In Kirk v. United Gas Public Service Co., 185 La. 580, 170 So. 1, this court stated that the general rule is not inflexible, and that its application depends on the facts and circumstances of each case. Many cases were cited therein where the rule was relaxed and the driver of the automobile exonerated from negligence.

Many cases have held to the effect that ordinarily a motorist is negligent in not slowing down to a speed at which he can stop instantly when blinded by headlights. However, a careful examination will reveal that the circumstances and facts of each case were taken into consideration in arriving at a conclusion. Also, it has been held in many cases that a motorist was guilty of negligence because he failed to see the obstruction or object in time to stop before colliding with it; but, the facts and circumstances of each case have been considered in determining whether or not the motorist had sufficient reasons for not seeing the object or obstruction in time to stop.

In the case of Moncrief v. Ober, 3 La.App. 660, it was held that a small cable stretched above the surface of a public road was such an unusual obstruction that the failure of a motorist to detect it did not indicate negligence on his part.

In the case of Kirk v. United Gas Public Service Co., supra, wherein a motorist saw an object ahead of him in the road which he thought was a shadow or repaired patch in the road and did not observe that it was a dead yearling until a moment before it was struck, when it was too late to stop, we arrived at the conclusion that it would be unreasonable to hold the motorist negligent in failing to see the yearling sooner than he did.

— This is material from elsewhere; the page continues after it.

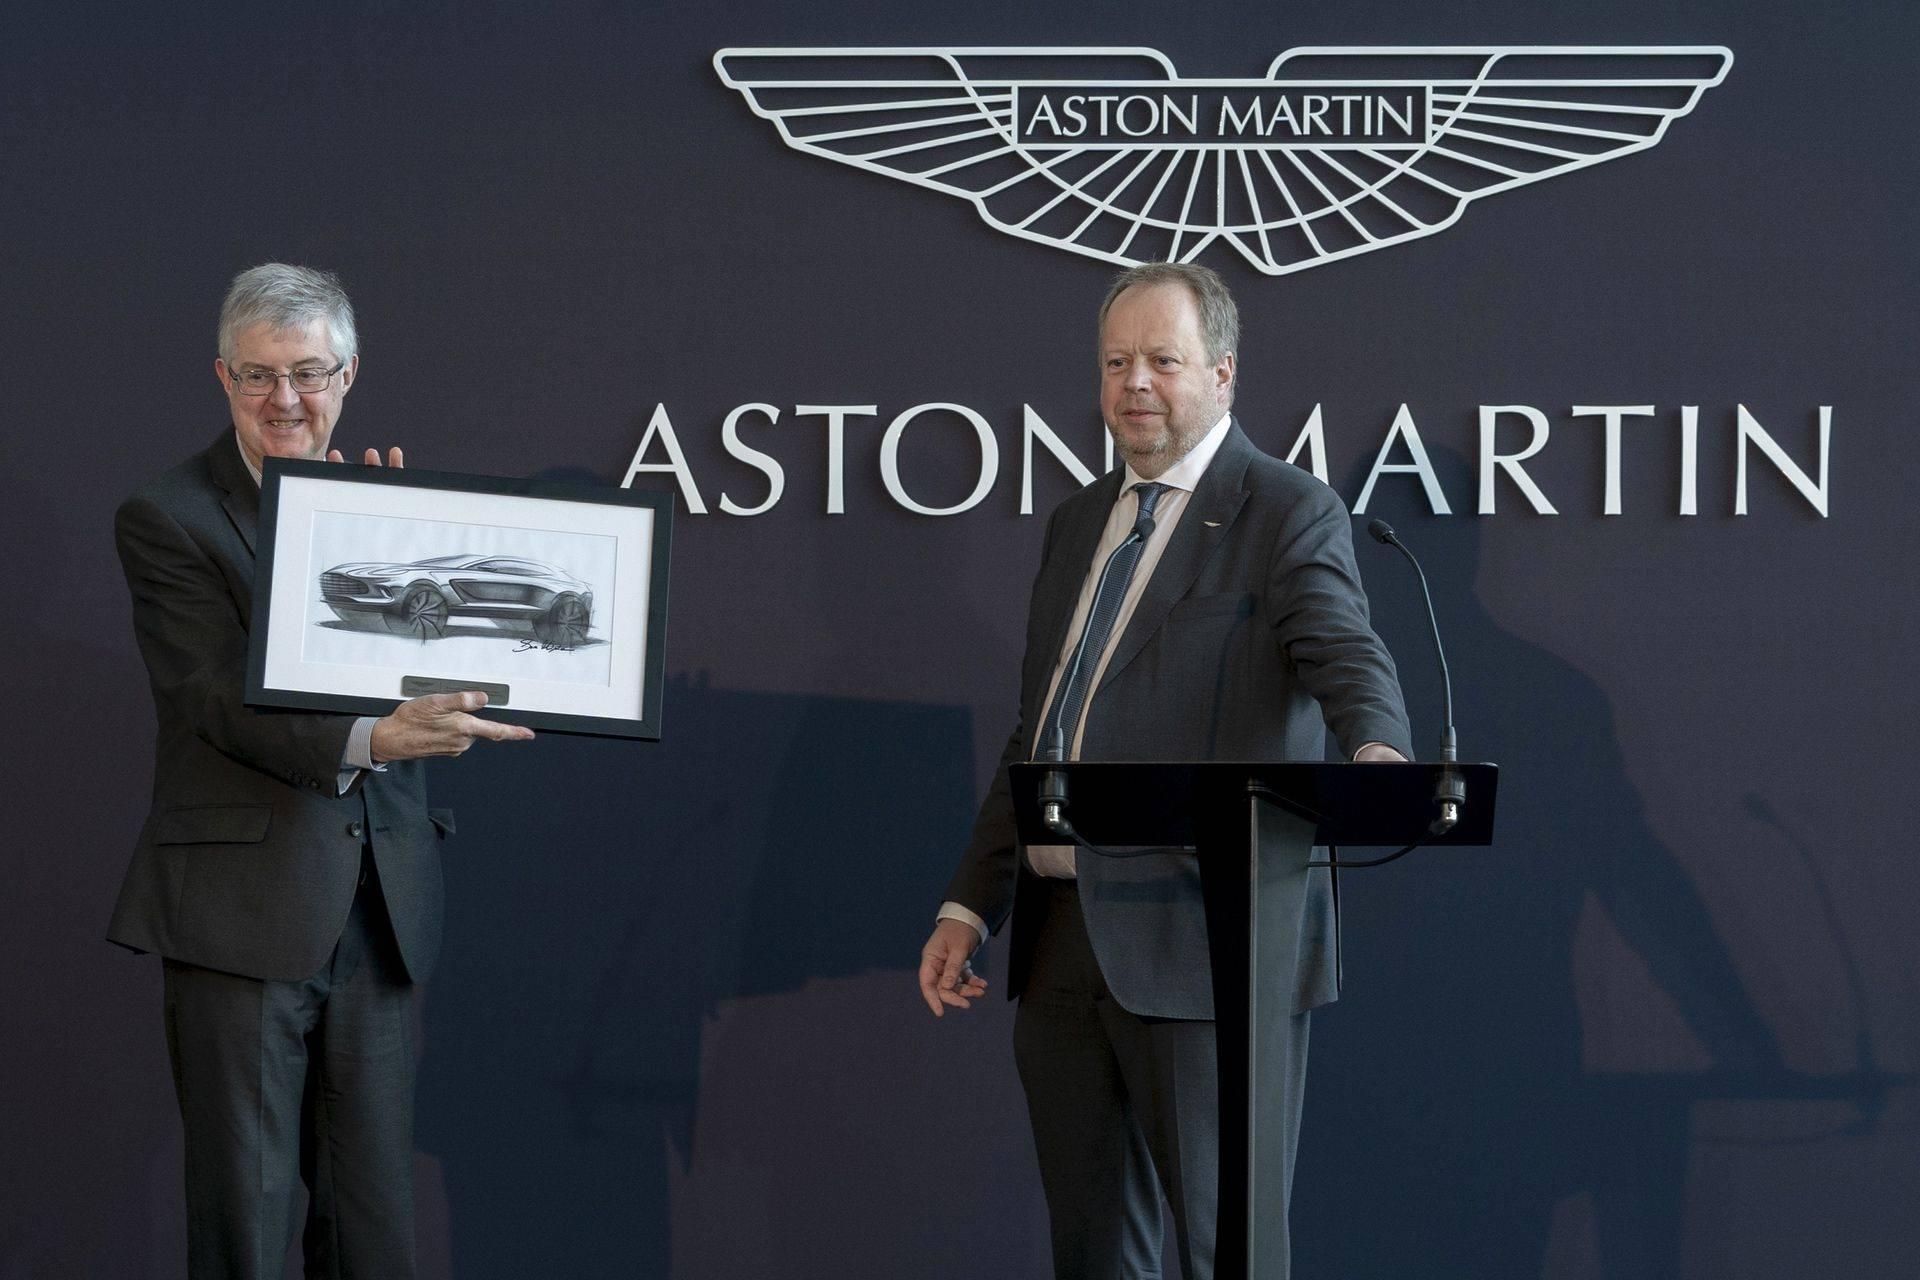 Aston_Martin_St_Athan_0010

From the facts certified it appears that the plaintiff was driving at a moderate rate of speed, between 40 or 45 miles an hour, on an open highway, with his car properly lighted, and that he slowed down to between 20 and 25 miles an hour on meeting the approaching cars. There is nothing to indicate that the neighborhood within the vicinity was thickly populated. There is nothing in the facts to indicate that the location was such that the plaintiff would expect cars to be parked on the highway, as would be expected where the location was thickly populated. It appears that the plaintiff was travelling at such a speed, after he slowed down, to enable him to meet an ordinary emergency under the circumstances. If the truck had been parked entirely on the pavement the plaintiff could more easily have seen the wheels and running gear, but the truck was parked at an angle on the edge of the highway with the body extending out into the road some three or four feet above the ground, and some four feet beyond the rear wheels. It was the duty of the plaintiff when meeting the approaching cars to dim his lights. When he dimmed the lights the beam was necessarily thrown down on the highway, causing it to shine under the rear end of the truck, which was protruding some distance over the road. Under these circumstances, we do not think the plaintiff was negligent in failing to see the truck sooner than he did.

For the reasons set out above, our answer to the first question is that we cannot lay down a hard and fast rule to govern in these types of cases because so much depends upon the circumstances of each particular case.

Our answer to question two is that under the facts outlined the plaintiff was not guilty of contributory negligence.